Del ámbito científico también viene María Vallet-Regí. Es catedrática de Química Inorgánica de la Facultad de Farmacia de la Universidad Complutense de Madrid. Miembro de la Real Academia de Ingeniería desde 2004,  pertenece a la Real Sociedad de Química de España (RSQE) y a otras organizaciones de investigación científica.

 

Lledó defiende el saber en «estos momentos tan mutantes».

Lledó expresó su alegría, como hombre de letras, de recibir la medalla junto a dos mujeres procedentes de la investigación científica.
En su discurso de aceptación del galardón, el filosofo defendió la importancia de potenciar el saber, también el humanístico, en «estos momentos tan mutantes» por el impacto de las nuevas tecnologías de la comunicación. Y se definió como alguien que defiende «el diálogo, el lenguaje, y la vida».

 

Cabezudo homenajea a las madres que impulsan a sus hijas a cumplir sus aspiraciones.

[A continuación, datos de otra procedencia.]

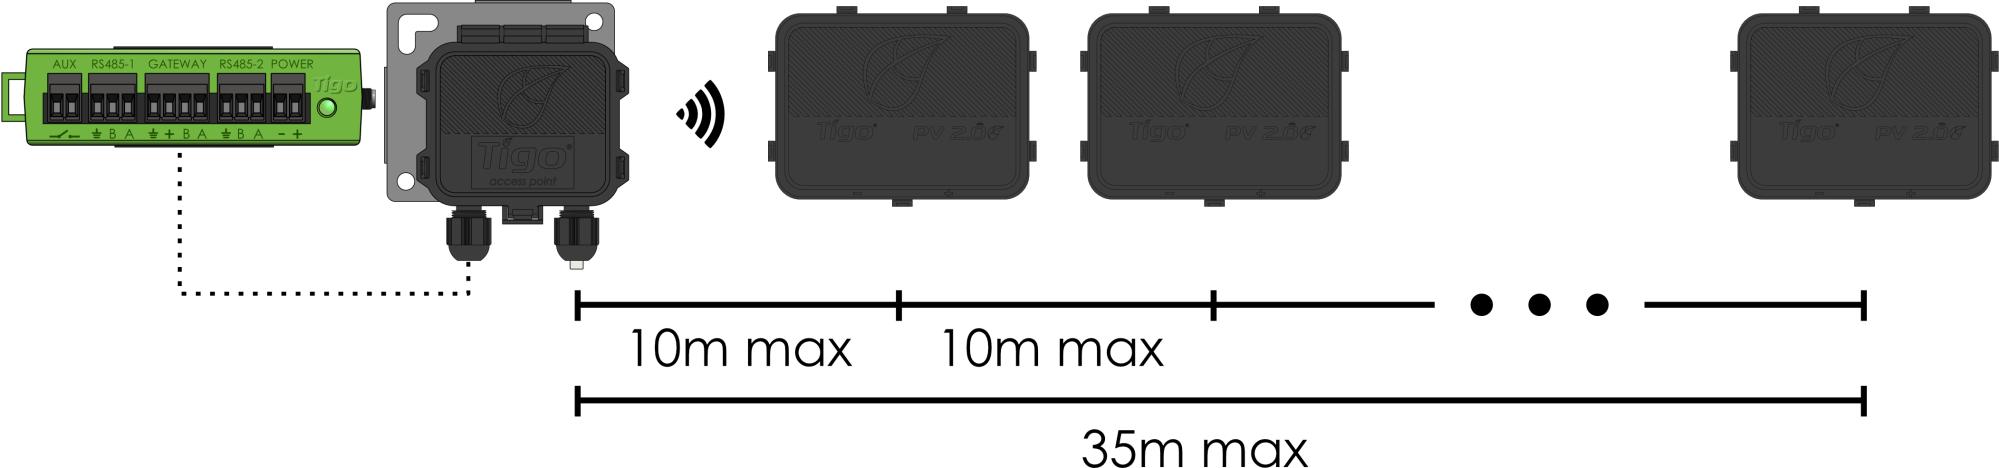 hight resolution of cca tap range diagram png
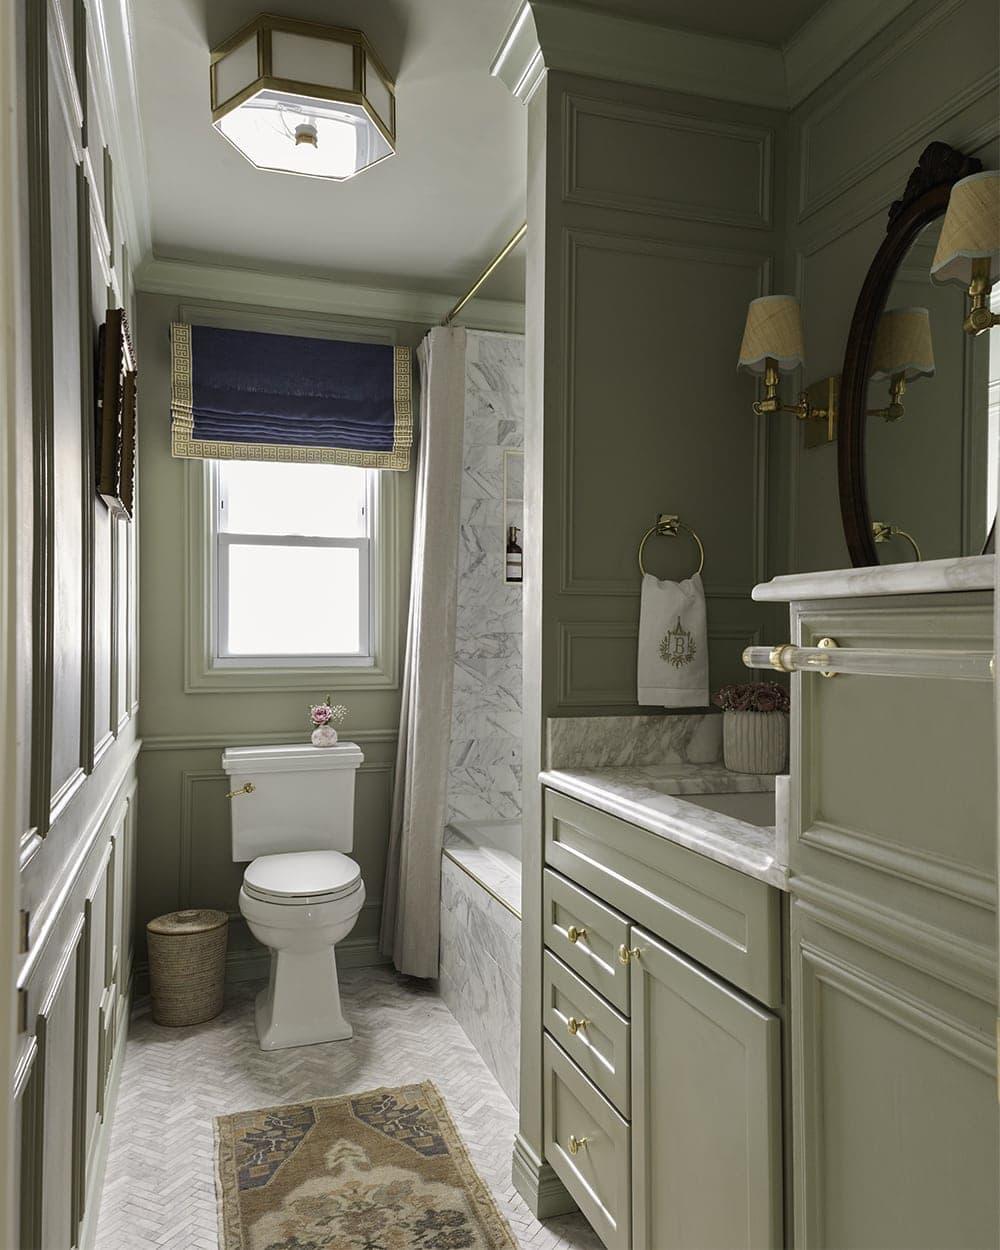 one-room-challenge-modern-traditional-bathroom-reveal-a-glass-of-bovino-alisa-bovino

Dolores Cabezudo estaba en casa y se notó en la larga ovación que recibió al recoger su medalla. Y con su discurso cercano, con anécdotas de su trayectoria como cuando recordó que el mejor piropo que recibió se lo dio una alumna, que dijo de ella «a la doctora Cabezuelo siempre se la entiende», se metió al auditorio en el bolsillo. Se ganó otra salva de aplausos cuando dedicó su medalla «a todas las madres, entre ellas la mía, que aconsejan a sus hijas que estudien, que se formen, que traten de destacar».

 

María Vallet-Regí dedica su medalla a su colega Alfredo Pérez Rubalcaba.

Vallet-Regí, como docente y científica, aprovechó sus palabras al recibir la medalla para dedicarla a un colega como Alfredo Pérez Rubalcaba. El exsecretario general del PSOE y actual profesor de Químicas de la Complutense lucha contra un ictus que obligó a su hospitalización el pasado miércoles. «No quiero terminar estas palabras sin dedicar esta medalla a mi amigo Alfredo Pérez Rubalcaba, que en estos momentos está debatiéndose entre la vida y la muerte», declaró con un punto de emoción.